Jen Sovada. The Claroty public sector GM says OT cyber vulnerabilities could compromise the Army’s SkyFoundry drone program.
Jen Sovada GM, Public Sector Claroty

The U.S. Army’s plan to rapidly scale domestic drone manufacturing under the SkyFoundry initiative risks significant compromise due to insufficient cybersecurity for the operational technology that powers the production lines, said Jen Sovada, general manager of public sector at Claroty, in an opinion piece published on RealClearDefense.

Sovada, a retired U.S. Air Force colonel and a past Wash100 Award winner, warned that the pace of the production surge must be immediately matched by cyber resilience efforts to prevent adversaries from embedding malicious code into small unmanned aerial systems.

The SkyFoundry pilot aims to manufacture up to 10,000 small UAS per month and eventually scale to one million units annually.

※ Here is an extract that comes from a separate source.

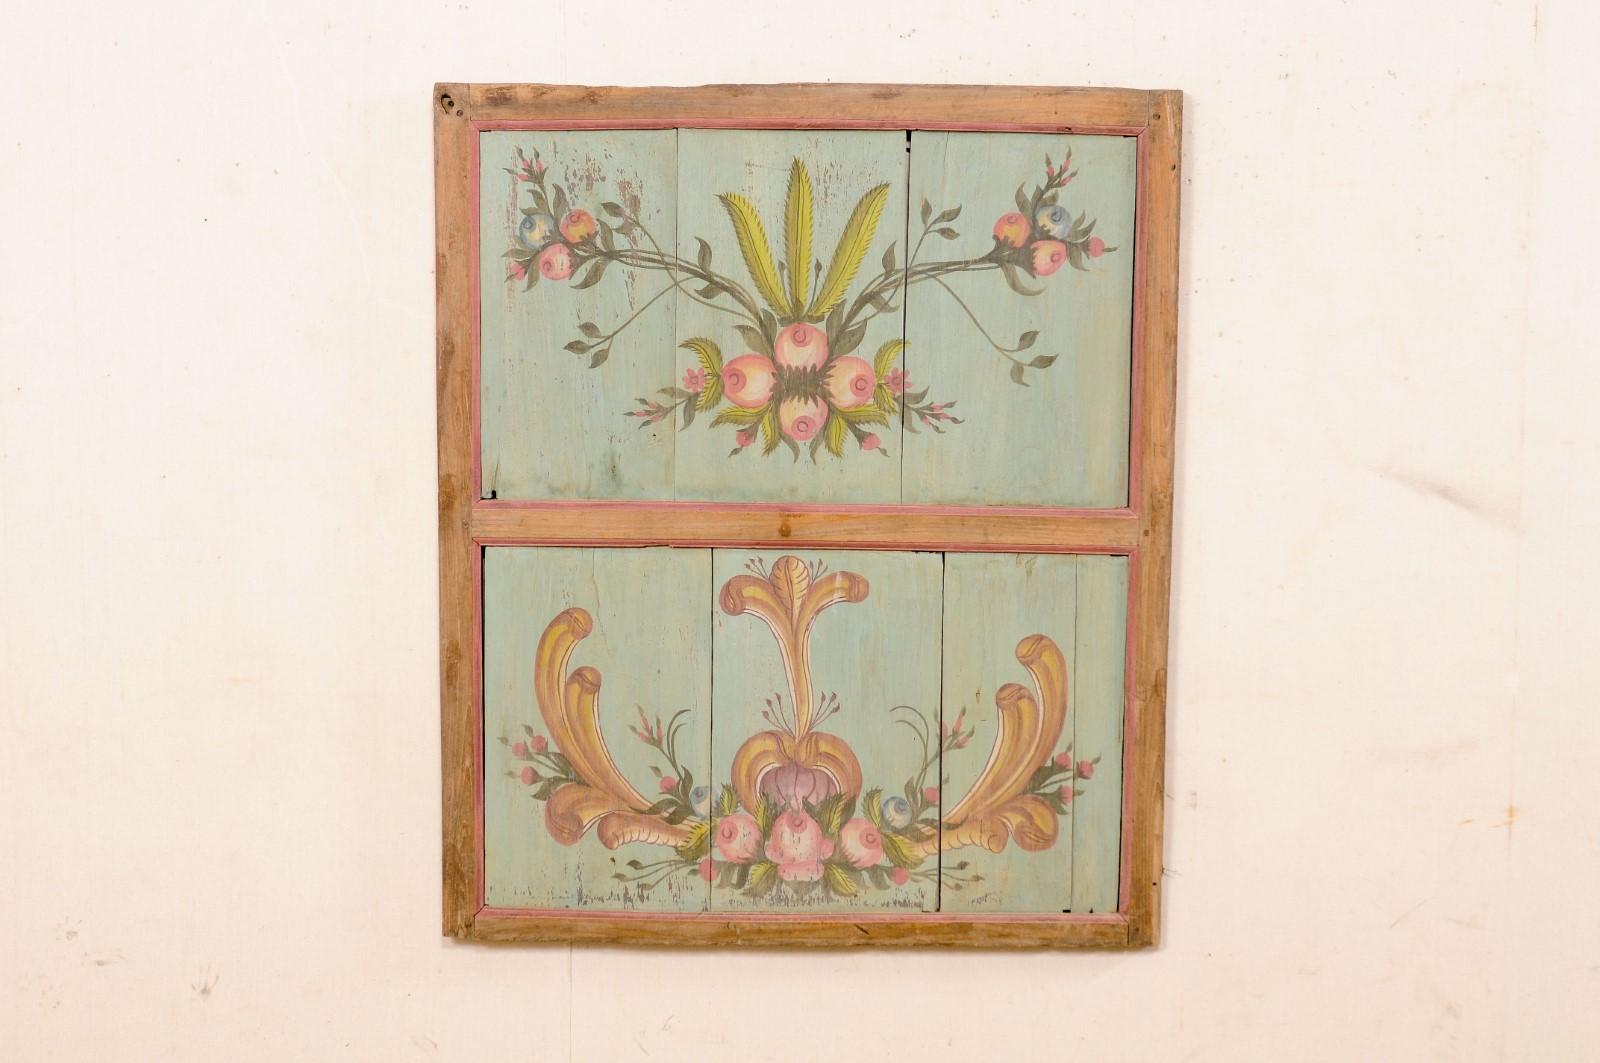 A European hand-painted wooden wall panel from the 19th century. This antique wall plaque from Europe (possibly German or Austrian) is comprised of a rectangular-shaped frame, with two recessed board panels (one atop the other). The inset panels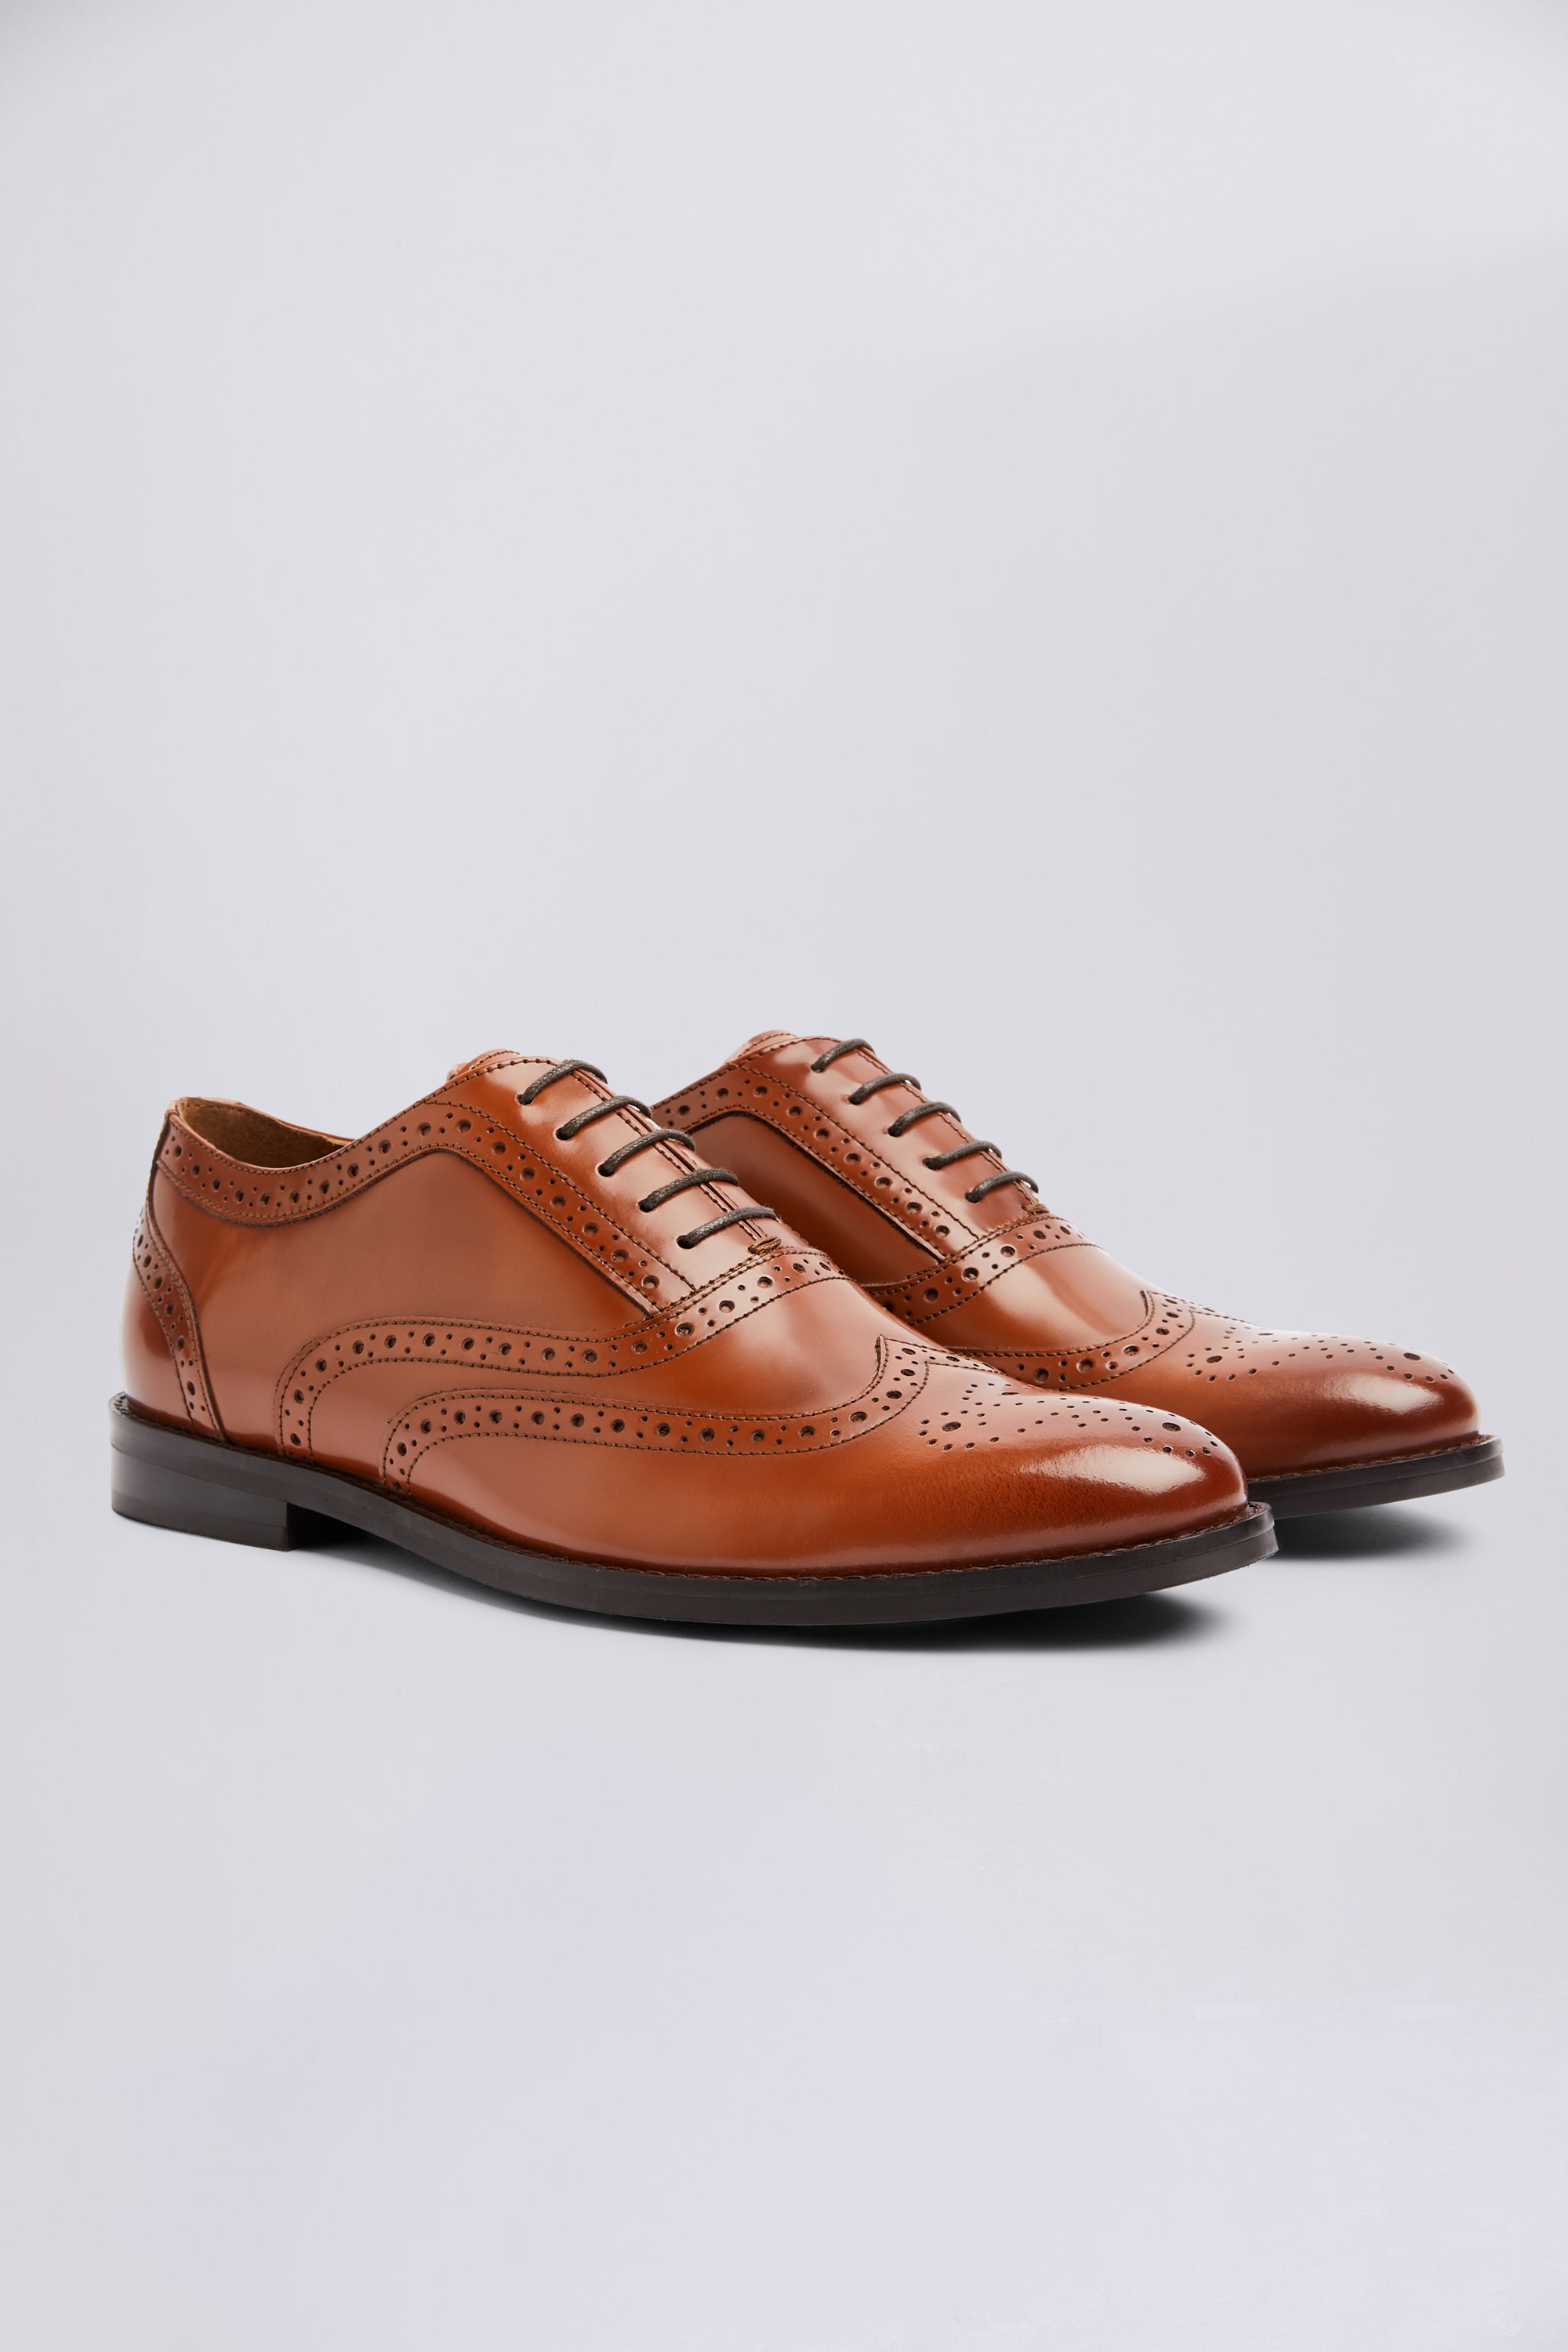 Oxford Tan Brogue Shoes | Buy Online at Moss

Why Is OT the Cyber Exposure Point?

Sovada noted that modern drone production depends on digitally connected operational technology, including programmable logic controllers, robotics and industrial sensors. Because the systems directly shape physical components, she warned that the cyberthreat is no longer confined to IT networks.

A successful intrusion, she wrote, could subtly manipulate a drone’s structure or payload configuration at the point of manufacture. If undetected, that defect could then be replicated across thousands of platforms.

What Factors Heighten the Risk to UAS Production?

Sovada pointed to two conditions driving urgency: a distributed industrial model involving multiple domestic producers contributing hardware, software and mission components; and output goals that limit the feasibility of intensive testing on every air vehicle produced. The combination, she argued, elevates the need for continuous protection of firmware, AI models and supplier interfaces.

What OT Safeguards Are Needed?

The Claroty public sector general manager called for automated, real-time monitoring of OT networks to establish a baseline of normal industrial behavior and surface anomalies as they emerge.

She said specialized tools designed for industrial environments — paired with access controls and segmentation — are necessary to confirm every airframe matches its approved digital reference throughout production.

Sovada framed OT cyber resilience as a core mission requirement, not an adjunct to IT security, as the Army drives toward large-scale fielding of small unmanned systems.